At 11:26 AM, Anonymous Anonymous said...

"As I've said before, many will try to tell you that, though you've lived with a narcissist for 20 years, or though you ARE a narcissist, you know nothing about NPD."

My marriage therapist felt that "labels were beside the point" when I tried to bring up the elephant in the room about what was happening in my marriage, the N disease. He also pulled the "eye of the beholder" routine. Who was to say who was the narcissist? Uh, after 18 mos. he knew. When my ex bolted therapy, he looked me in the eye and said in the most serious of voices: "Off the record, do NOT do mediation. You need a lawyer for this divorce. He will try to kill you." Whoa! But I was made to feel crazy throughout therapy. Never once was my ex confronted with his gaslighting, narcissistic ways. It was always, what was I doing to provoke him. Why? It was a total time waste, just treading water and in the end, he left therapy anyway. Why won't docs (gently, tactfully), confront these guys? (Kathy, I have a new blog that links to yours. As a WMNT devotee, I would value any criticisms, suggestions you could give: http://eisforempathy.blogspot.com/)

 
At 6:54 PM, Anonymous Anonymous said...

I once attended a writing course in a college which encouraged psychological neoteny amongst teachers and students.

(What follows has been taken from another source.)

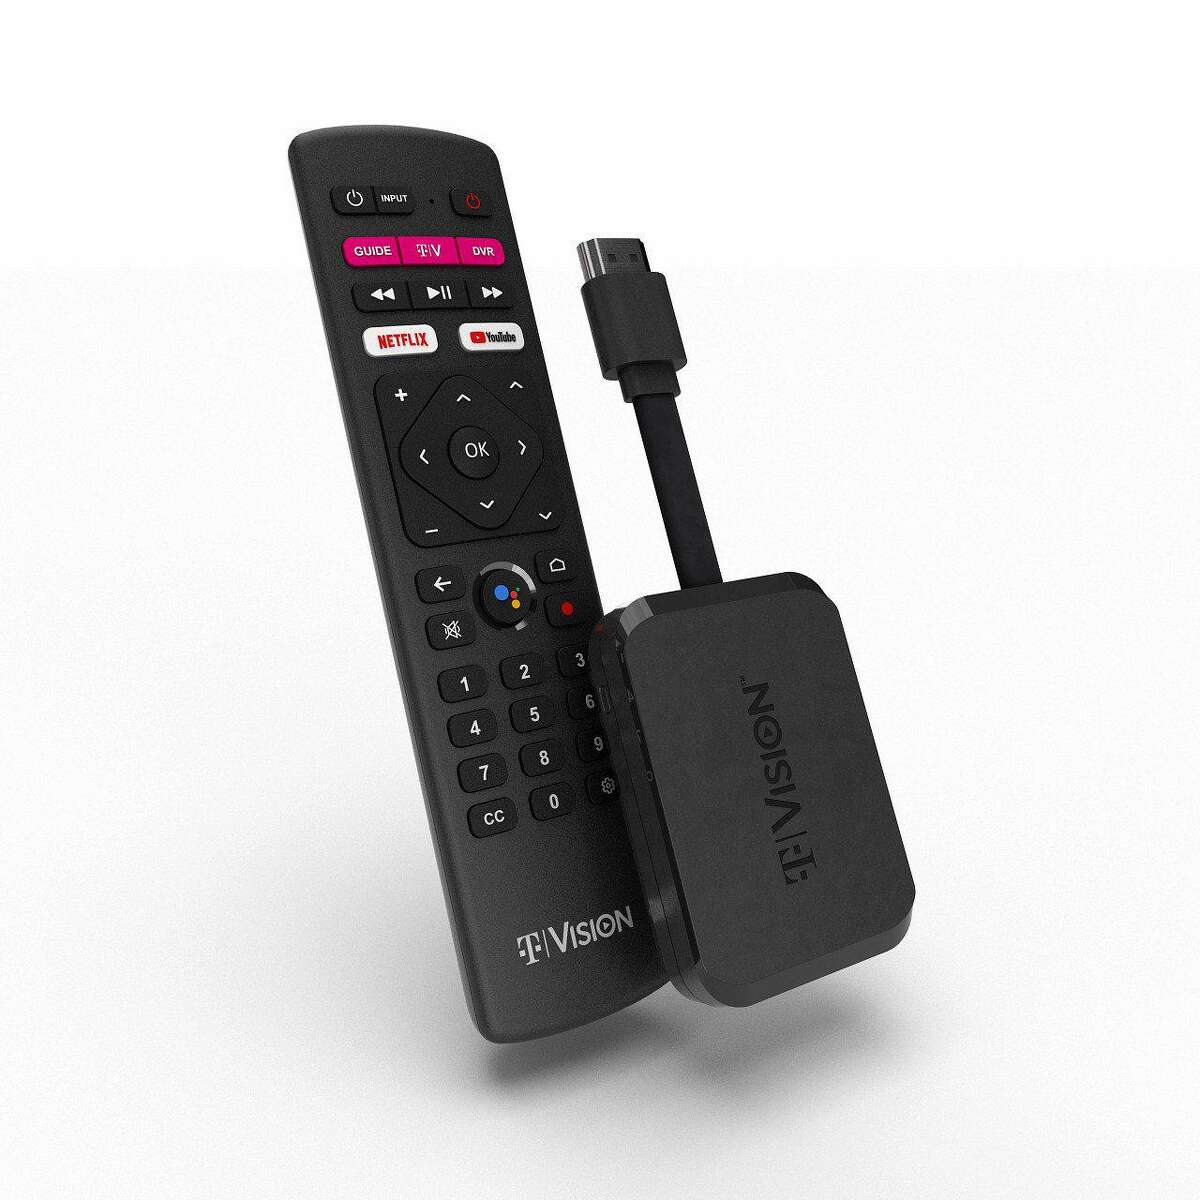 The $50 TVision Hub is an Android TV dongle that you plug into an HDMI port on your TV or computer monitor. It lets you use TVision, but it also allows you to download other streaming apps from the Google Play Store.

One of the teachers was a narcissist, and although he wasn't the co-ordinator of the course and had no real authority, he managed to manipulate all the others. The general trend in this college seemed to be the more outrageous and immature your writing, and/or behaviour was, the more attention you got from the system.

Every other teacher I spoke to seemed to be buying into this 'culture' of insanity. I wanted to learn how to write, they wanted to indulge their favourite forms of eccentricity. Yet, ask them about split infinitives, publishing software, or the collected works of their favourite authors and they could sound as mature and intelligent as any Oxford Don.

I eventually grew tired of trying to talk sense to them. Apart from the fact that just being in that environment was enough to do your head in, I wasn't actually learning very much anyway.

Very interesting and helpful post thankyou.